Victoire du Tea Party sur Occupy Wall Street

2013/01/08 | Par Pierre Dubuc

Dans l’édition de janvier 2013 du Monde Diplomatique, on retrouve, sous la plume de Thomas Frank, une longue analyse de l’échec du mouvement Occupy Wall Street (OWS). Passant en revue les nombreux livres et articles consacrés au phénomène Occupy Wall Street, Thomas Frank les trouvent ennuyeux parce que « tous, à quelques exceptions près, racontent les mêmes anecdotes, citent les mêmes communiqués, déroulent les mêmes interprétations historiques, s’attardent sur les mêmes broutilles ».

Selon Thomas, « la manière dont OWS est présentée dans ces ouvrages donne l’impression qu’elle n’avait rien d’autre à proposer que la construction de ‘‘communautés’’ dans l’espace public et l’exemple donné au genre humain par le noble refus d’élire des porte-parole ».

« Bâtir une culture de lutte démocratique est certes utile », reconnaît Thomas, mais « le refus de formuler des propositions a constitué une grave erreur tactique ». Il rappelle que « le compte rendu quasi officiel de l’aventure, assimile toute velléité programmatique à un fétiche conçu pour maintenir le peuple dans l’aliénation de la hiérarchie et de la servilité » et que, selon plusieurs des participants, « un mouvement de protestation qui ne formule aucune exigence serait le chef-d’œuvre ultime de la vertu démocratique ».

« En s’interdisant d’exiger quoi que ce soit, OWS s’est enfermé dans le ‘‘ culte de la participation’’. Autant dire dans une protestation dont le contenu se résume à la satisfaction d’avoir protesté », conclut-il.

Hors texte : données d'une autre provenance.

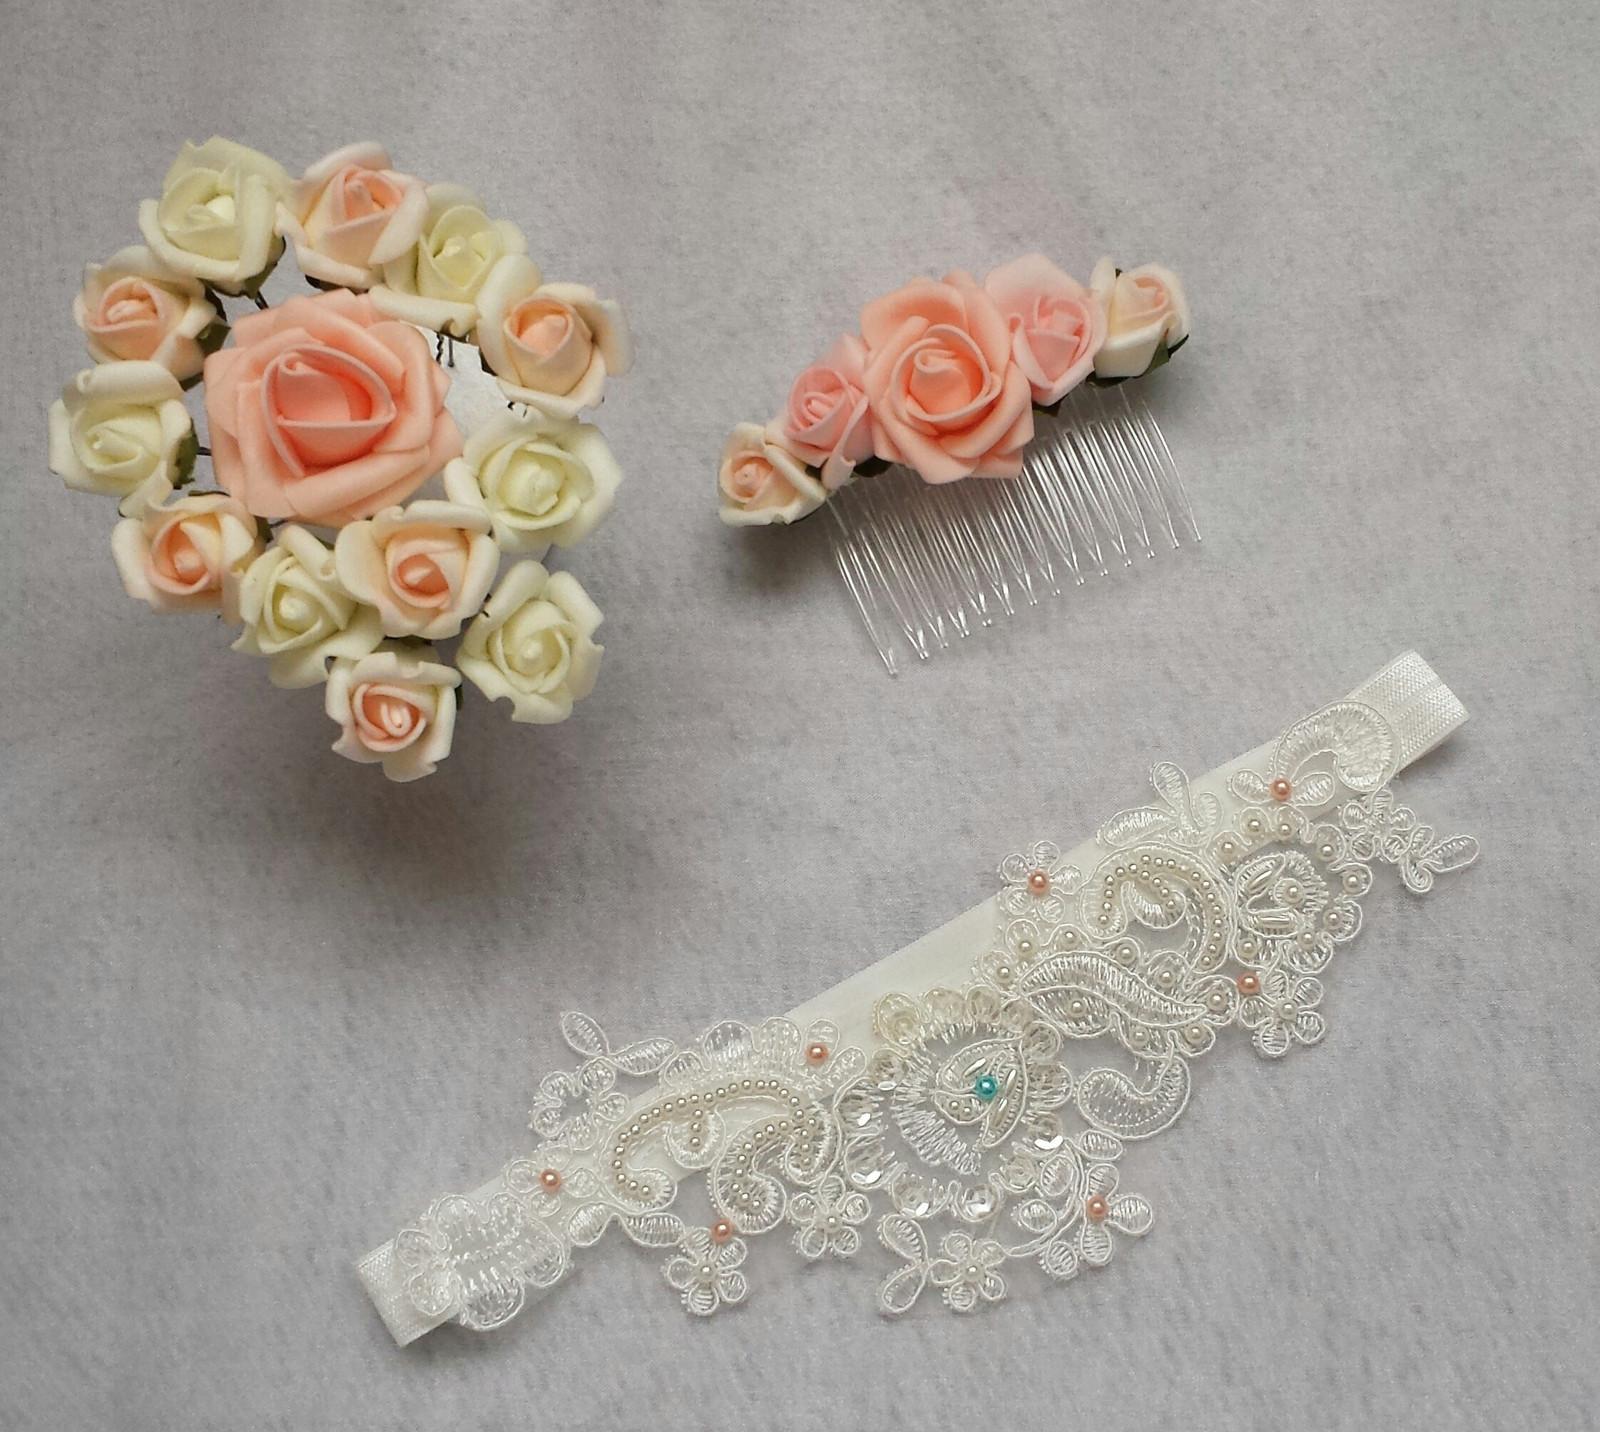 Vlásenky s barevným květem nejen na svatbu - Obrázek č. 1

Thomas attribue ce cul-de-sac à la composition du mouvement, issu principalement du monde universitaire américain. Il s’étonne que le mouvement ne se soit pas attaqué aux frais de scolarité qui font qu’il n’est pas rare qu’un diplômé arrive sur le marché du travail avec des dettes dépassant les 100 000 $.

Pour illustrer son point de vue, il donne l’exemple du mouvement étudiant québécois. « Que l’on songe aux manifestations qui ont ébranlé le Québec le printemps dernier, quand une partie importante de la population est venue soutenir dans la rue l’exigence estudiantine d’une éducation accessible à tous : là-bas, le mouvement a gagné. Les étudiants ont obtenu presque tout ce qu’ils demandaient. La protestation sociale a fait valser les portes de l’université. »

« Occupy Wall Street a réalisé d’excellentes choses, reconnaît Thomas. Il a su trouver un bon slogan, identifier le bon ennemi et capter l’imagination populaire. Il a donné forme à une culture protestataire démocratique. Il a redonné vigueur à la notion de solidarité, vertu cardinale de la gauche » mais il n’est pas « parvenu à faire cause commune avec le peuple ».

Le bilan de OWS est mince lorsqu’on le compare à un autre mouvement s’inspirant du même courant libertarien, celui du Tea Party. Thomas rappelle que « grâce à ces bénévoles de la surenchère, le Parti républicain est redevenu majoritaire à la Chambre des représentants; dans les législatures d’État, il a pris six cents sièges aux démocrates. Le Tea Party a même réussi à propulser un des siens, M. Paul Ryan, à la candidature pour la vice-présidence des États-Unis ».

D’où est venu ce succès? Thomas écrit : « Le succès venant, le Tea Party a remisé au placard ses discours bravaches sur l’organisation horizontale. Autant de boniments dont la principale vocation était d’appâter le client. Ce mouvement, contrairement à OWS, n’avait pas de penseurs poststructuralistes, mais il disposait d’argent, de réseaux et de l’appui d’une grande chaîne de télévision (Fox News). Aussi n’a-t-il pas tardé à produire des dirigeants, des revendications et un alignement fructueux sur le Parti républicain. Occupy Wall Street n’a pas pris ce chemin-là. L’horizontalité, il y croyait vraiment. Après avoir connu un succès foudroyant, il s’est disloqué en vol. »

Thomas conclut son analyse, dont nous ne donnons qu’un bref résumé, par ces mots : « L’ordre ancien perdure et il apparaît de plus en plus évident que seul un mouvement social de masse, solidement ancré à gauche, pourra mettre fin à l’ère néolibérale. Malheureusement, OWS n’en fut pas un ».